The List of Featured Graph Database Overviews and Benchmarks

by Eugene LahanskyJune 10, 2013

The research papers provide tips on how to model the behavior of a graph database, as well as to detect potential issues before implementing it.

Graph data stores provide index-free adjacency resulting in much better performance if compared to the relational database management systems (RDBMS). Naturally, performance is the main concern for those who work with such databases. To predict the behavior of a graph database and find potential issues before actually implementing it, developers refer to research papers that help to simulate the workloads of the future system. This post shares some useful overviews of graph databases and benchmarks.

Table of Contents

Useful publications

There are multiple resources that describe the basics of graph databases.

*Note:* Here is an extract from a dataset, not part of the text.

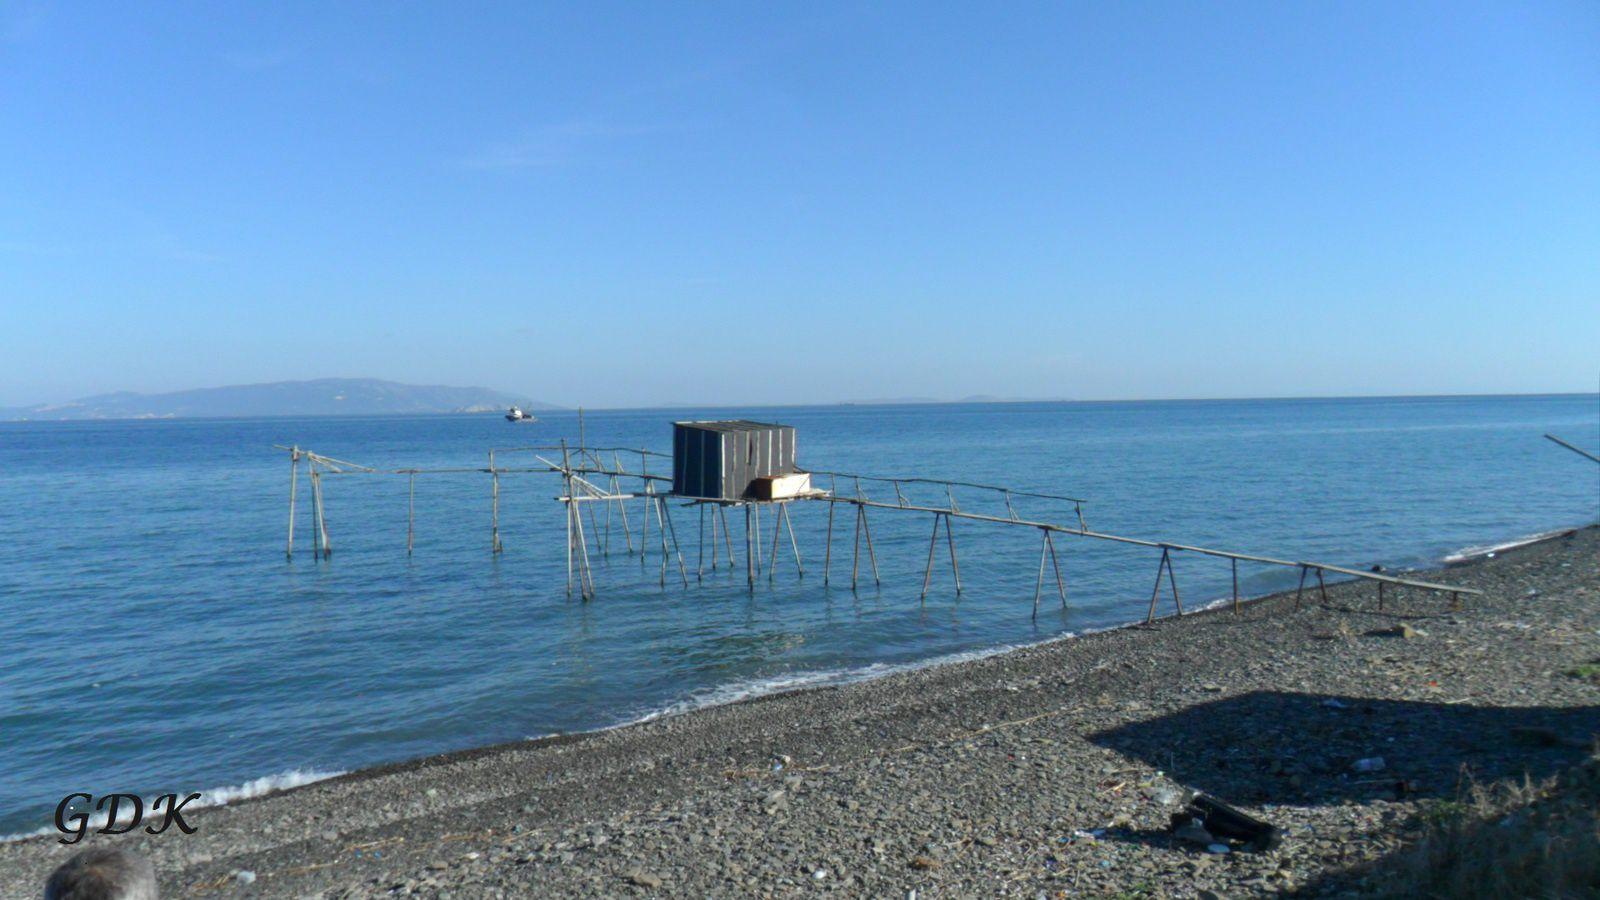 Turquie : excentriques cabanes de pêche en Mer de Marmara

Survey of Graph Database Models. This paper generalizes the research conducted in the field of graph database modeling. Concentrating on data structures, query languages, and integrity constraints, the authors compare graph database models against network, relational, semantic, object-oriented, and other influential database models. In addition, the paper provides information on levels of abstraction, base data structure, information focus, and many other characteristics of modern graph databases.

Graph Databases. This book published by O’Reilly Media discusses how graph databases can help you to manage and query highly connected data. Through examples, you will learn how to design and implement a graph database, discover alternative methods of storing data, such as relational and NoSQL databases, as well as learn the difference between these data storage models.

The Current State of Graph Databases. This research gives an overall summary of the current state of graph databases. Enumerating different categories, algorithms, and paradigms, the authors describe the graph database models in use today.

Graph DB benchmarks

Below, you will find a collection of up-to-date comparisons featuring valid performance results. These research papers might be useful when choosing the best option for your application.

Neo4j vs. Sparksee vs. OrientDB vs. a native RDF repository vs. SGDB

This publication presents the results of a comparative test run against Neo4j, Sparksee, OridntDB, a native RDF repository, and SGDB on a low-end machine with a two-core 2.4 GHz Intel processor and 2 GB of RAM. Data sets ranged in size from 1K to 1M. The workload included operations, such as the insertion of elements, local traversals, and global traversals. The preliminary results of the tests revealed issues with loading larger datasets into graph databases. In addition, poor overall performance was typical when the databases performed global traversal operations on larger networks. However, the performance was stable for local traversals with 2–3 hops.

Sparksee

This benchmark was designed to test scalability and performance of Sparksee (formerly known as DEX) for applications with large data sets. The authors tracked how many nodes and edges could be created by the database, the resulting size of the database, the time it took to load the database, and how many traversals could be made per unit of time. According to the results of this test, Sparksee does provide sufficient loading and querying speed to deal with large datasets. In addition to its great performance when dealing with billions of objects, the database uses only 36 bytes per object available in Sparksee.

Neo4j vs. MySQL

This publication compares MySQL against Neo4j to find out which one is more suitable for a data provenance system. In addition to structural query results for MySQL and Neo4j, the comparison takes into account database size and required disc space. Neo4j demonstrated somewhat better performance than MySQL when processing most query types. The graph database was much faster (sometimes exceeding the performance of the relational database by a factor of 10) when processing traversal queries. Neo4j required up to two times the amount of space used by MySQL, which required larger disk space in a single test out of 12.

AllegroGraph vs. Sparksee vs. HypergraphDB vs. InfiniteGraph vs. Neo4j vs. Sones

This paper provides a comparison of current graph database models, including general features for data storage and querying, data modeling features (data structures, query languages, and integrity constraints), and support for essential graph queries. The bottom line is that the current graph database models still need to mature. In particular, the ecosystem should define standard graph database languages for defining, manipulating, and querying data and notions of integrity constraints to preserve the consistency of the database.

These benchmarks demonstrate how graph databases are more effective than relational ones. In addition, there are a lot of different approaches to prepare and perform tests. Some of the mentioned sources present such approaches and algorithms. If you would like to share the latest benchmarks of graph databases, feel free to let us know in the comments.